Practice playing with each club that you have so you’ll start building muscle memory for them in terms of weight, how they feel on your arms, shoulders, and legs when you take a swing. Start with clubs that are easier to hit, like the 9-iron driver. Skip the 5-iron for later when you’ve got a good feel of the easier ones.
Make sure you finish with a balanced swing. It will get easier and feel more natural the more you practice swings. For good measure, you can put on an elastic sports tape before getting on the course to reduce feeling any kind of soreness when you get home.
Playing the Game
When you’ve locked down your grip, stance, and swing, then you’re just about ready to take your first hit. If you’ve already done that, then you’re ready to learn about scoring and playing the game.
Start on a short par, a three-course hole for your first few games. It’s not as restricting as the other pars are, and you get to enjoy the view of the course and the company you’re playing with since the longest hole is roughly 150 yards away. Sort out with your fellow players who gets to hit the ball first. But if it’s your first time, best to offer that chance to the other players.
When scoring, keep in mind that you have to count one stroke for every time you hit the ball. Each player will have his or her own tee box to play from (red, blue, or white). If your ball lands on a bunker or in a hazard spot, you can drop another ball near it and receive a one-stroke penalty.

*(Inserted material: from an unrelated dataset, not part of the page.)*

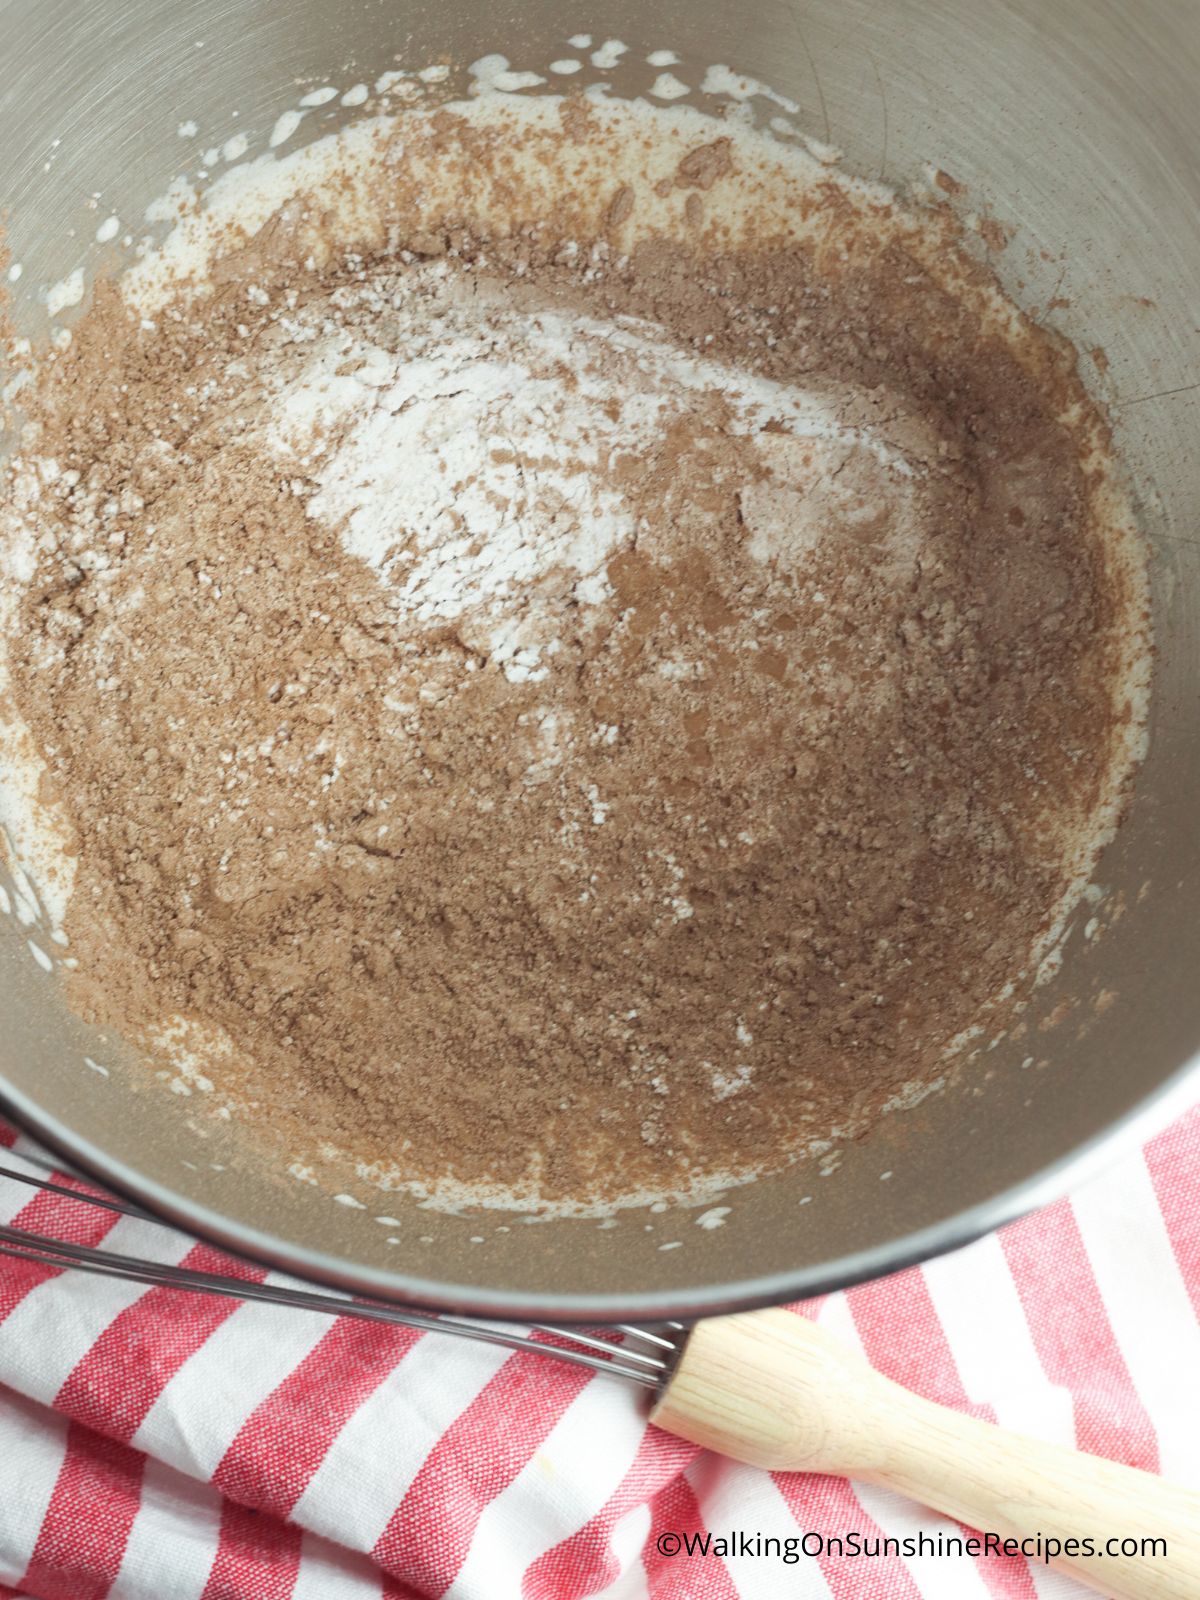 cocoa powder and whipping cream in bowl.

Remember that there may be a couple of players behind you. Try to play at a good pace. Choose the right club, walk toward the ball, and maintain a proper stance.
With your eyes on the target, take the time to focus only on the ball and visualize your shot. Take one or two practice swings first without making contact with the back. When you’re confident enough, steady your position, breathe in, take a swing, and let it rip.

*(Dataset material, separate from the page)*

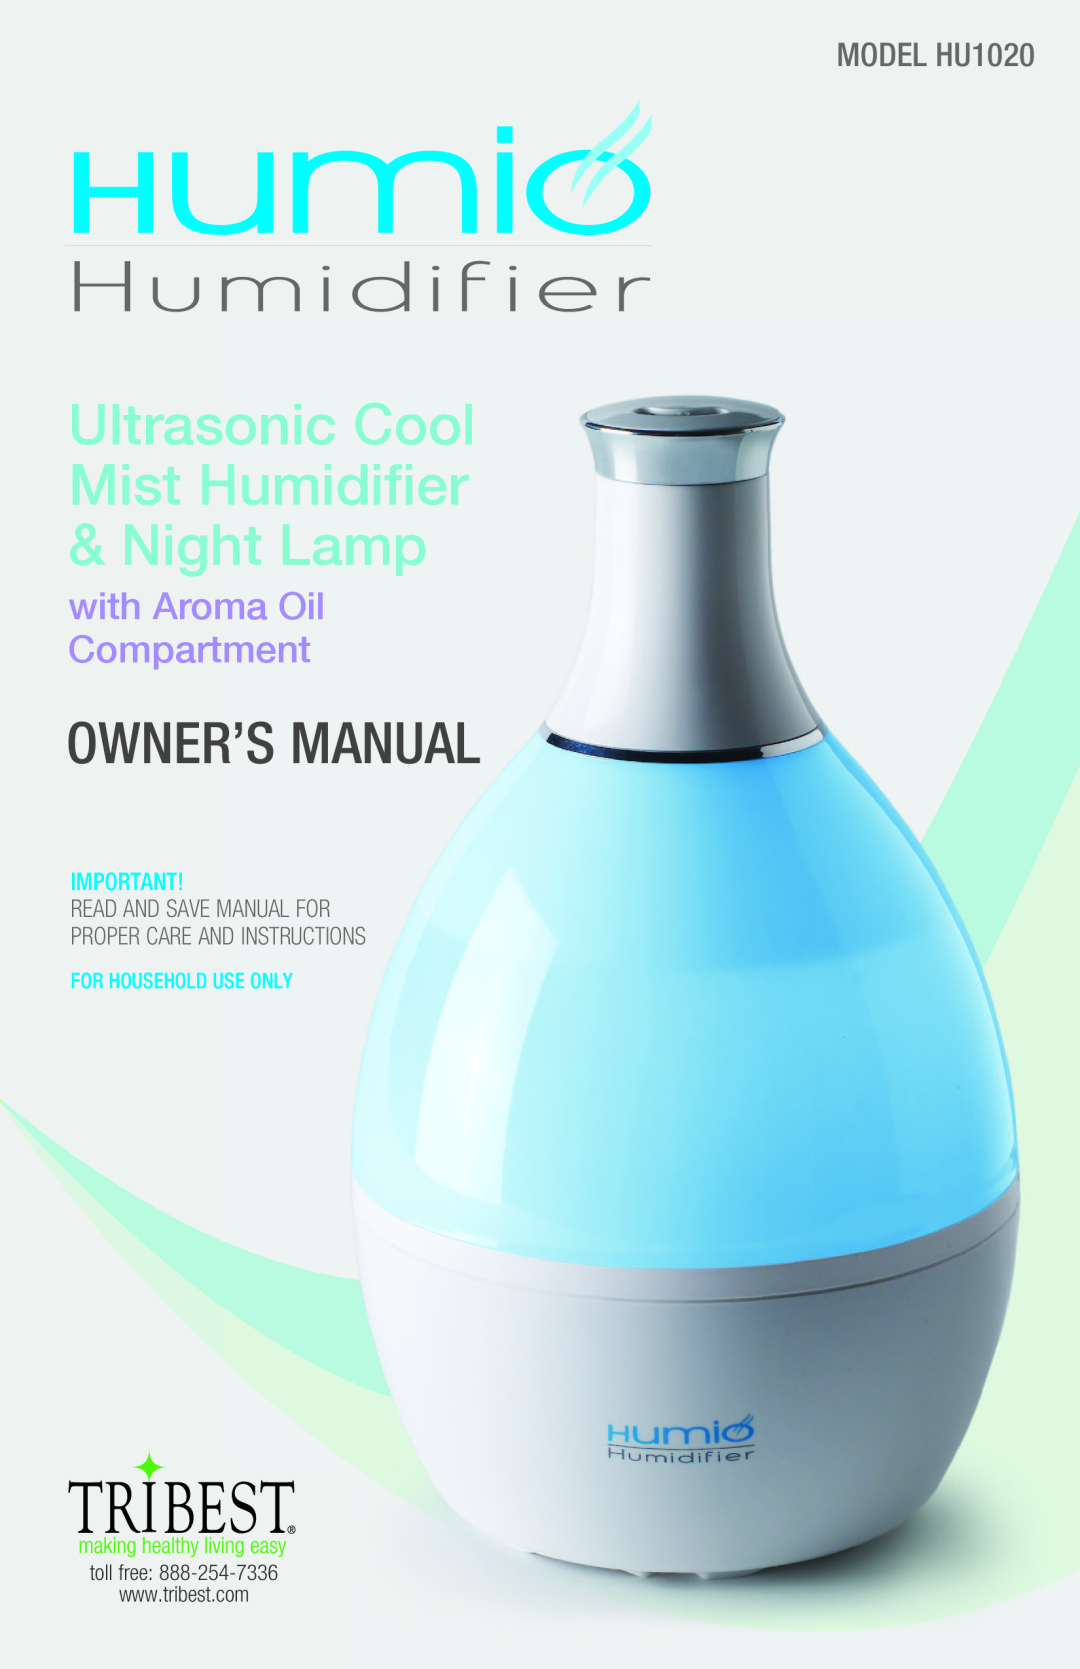 Tribest owner manual Ultrasonic Cool Mist Humidifier & Night Lamp, with Aroma Oil Compartment, MODEL HU1020

A Few More Things to Remember
The lessons you learn from the moment you started playing the sport are the same lessons you’ll be facing as you become a better player. The great thing about golf is that it doesn’t change. It remains constant from the first day until the last day you play it.
At some point, you’ll have to say goodbye to the other sports you used to play once you’ve reached your thirties. The physical aspect and training required in other sports are simply not as sustainable as you grow older. You just can’t play basketball or soccer forever.
But not golf.
Golf is timeless in that sense.
There’s some comfort in knowing that it never has to end.